For decades, TV networks NBC, CBS and ABC news programs informed the entire country. When important national news broke – such as the assassination of President John F. Kennedy or when Apollo 11 landed on the moon, the nation turned to Walter Cronkite’s broadcasts in large numbers. He commanded an audience of 25 million to 29 million.
These so-called mass media stations gave way to a fragmented media landscape with hundreds, if not thousands of news channels across networks, cable TV, radio and the Internet, each monitored by a smaller audience. In the therapeutics world, the rise of personalized medicine is impacting the pharmaceutical industry likewise. As well, developing niche therapies for smaller groups of people is resulting in greater competition among pharma companies to stay ahead and be first or second to-market with a treatment for a specific indication.
Numerous established and emerging pharma companies are attempting to develop therapies for unmet medical needs to treat diseases affecting small to modest-sized populations, hoping their orphan drug will become another blockbuster. Federal law incentivizes development of therapies for conditions affecting fewer than 200,000 people: drug companies are given an additional seven years of market exclusivity for that indication, providing drugmakers with a more compelling business opportunity.
The more fragmented market increases competitive pressure on sponsors as they race to bring targeted therapies to market, hoping to reap first-to-market benefits.
Targeted therapies have been on the rise for more than a decade. They have been most prevalent in the fields of oncology, immunology and rare diseases. However, as medical science unravels how human genetic variations impact responses to drugs, the fragmentation caused by “precision medicine” and “personalized medicine” (they’re not quite the same), will likely result in a reduced number of beneficiaries for targeted therapies. What works for one group of patients may not work for another with the same clinical diagnosis. As a result, last year the FDA approved a record number of personalized medicine drugs – 42% of all new drug approvals, a trend that is likely to continue.
This article will focus on the demand uncertainty pharmaceutical companies face in manufacturing targeted therapies.
Practically speaking, the ascent of personalized medicine means pharmaceutical companies no longer have the luxury of waiting for full clinical trial data analysis, or to see how their drug is doing on the market, before making manufacturing capacity decisions. Today, capacity decisions need to be made earlier in the process in order to reduce risks at both ends of the spectrum -undercapacity and overcapacity.

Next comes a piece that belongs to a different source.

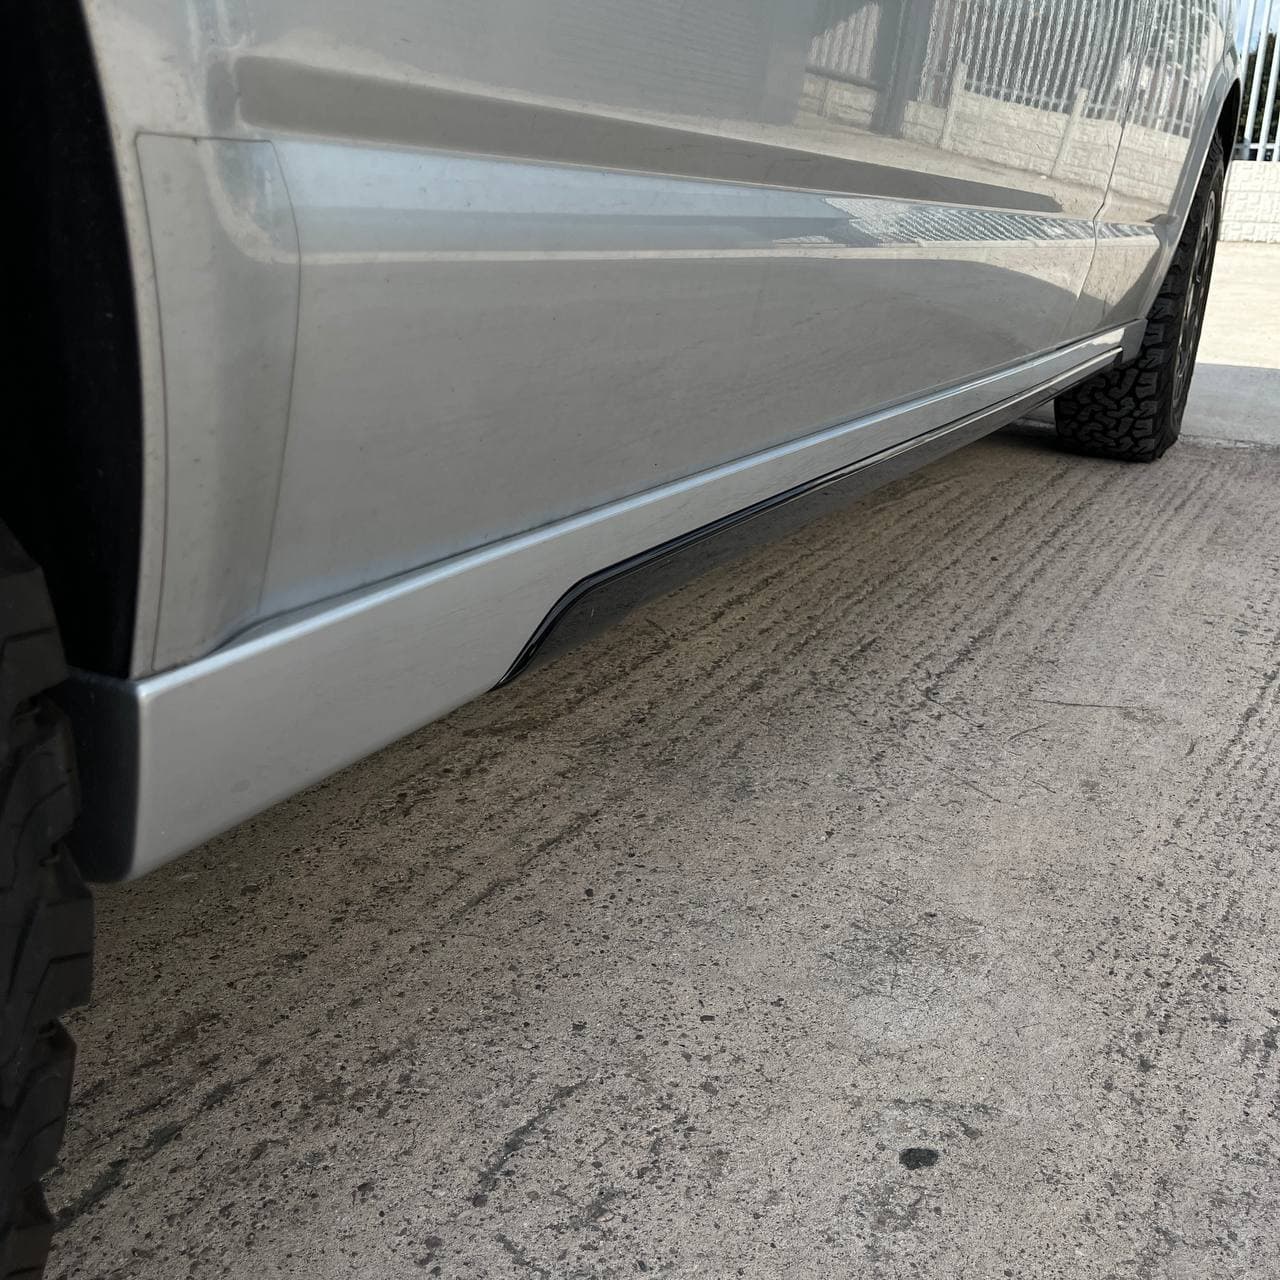 VW T6 Transporter Long wheel base Side skirts Painted Ready in  Reflex Silver, Painted and Ready to Fit ABS plastic

But how early? We had a customer whose Board decided to move ahead with preparations for commercial API manufacturing while their Phase 3 clinical trial was in early progress. They were confident and wanted to assure the manufacturing capacity would be there for commercial quantities. We tried hard to dissuade them, but they were insistent. They provided a sizeable deposit, with which we purchased the raw materials for the project. Then a new Board was elected – and shut the project down. The bottom line: too early capacity decisions can waste money. The company might have been wiser to wait for strong interim results before proceeding.
Sponsors are adapting to the uncertainty by outsourcing to contract development and manufacturing organizations (CDMOs) that are flexible and able to scale to varied batch project needs, whether 5 gm or 50 kg. CDMOs such as Seqens North America can easily accommodate them while the largest CDMOs, which are adept at manufacturing large quantities for drug giants such as Pfizer or Lilly, tend to favor their most profitable, large quantity customers – as they should. They are simply not geared for small batch manufacturing.
Instead, for smaller batches, pharma companies are looking beyond their traditional CDMO, choosing a CDMO that is flexible, accommodating, and that would welcome their business, large or small. The key is to find right-size API manufacturing resources to better align with today’s realities.
We have previously written about how to choose a right-sized CDMO, one with the seven most important GMP manufacturing capabilities. These include having the range of equipment needed for small- or large-sized manufacturing, bridging the gap between Phase 1 and the increased material required for Phase 3 trials and commercialization.
As well, the CDMO should insist on a scale-up process to minimize expensive surprises in the GMP manufacturing suite. Experience and expertise remain other important variables to consider.
In order to adapt to the rise in precision medicine and targeted therapies, pharmaceutical companies are revamping their manufacturing strategies to work with flexible, right-sized CDMOs that are equipped to manufacture APIs in small or large batches. By shifting API manufacturing to smaller, more flexible CDMOs that will prioritize smaller projects, pharmaceutical companies can bring products to market faster to take advantage of sizeable first-to-market benefits.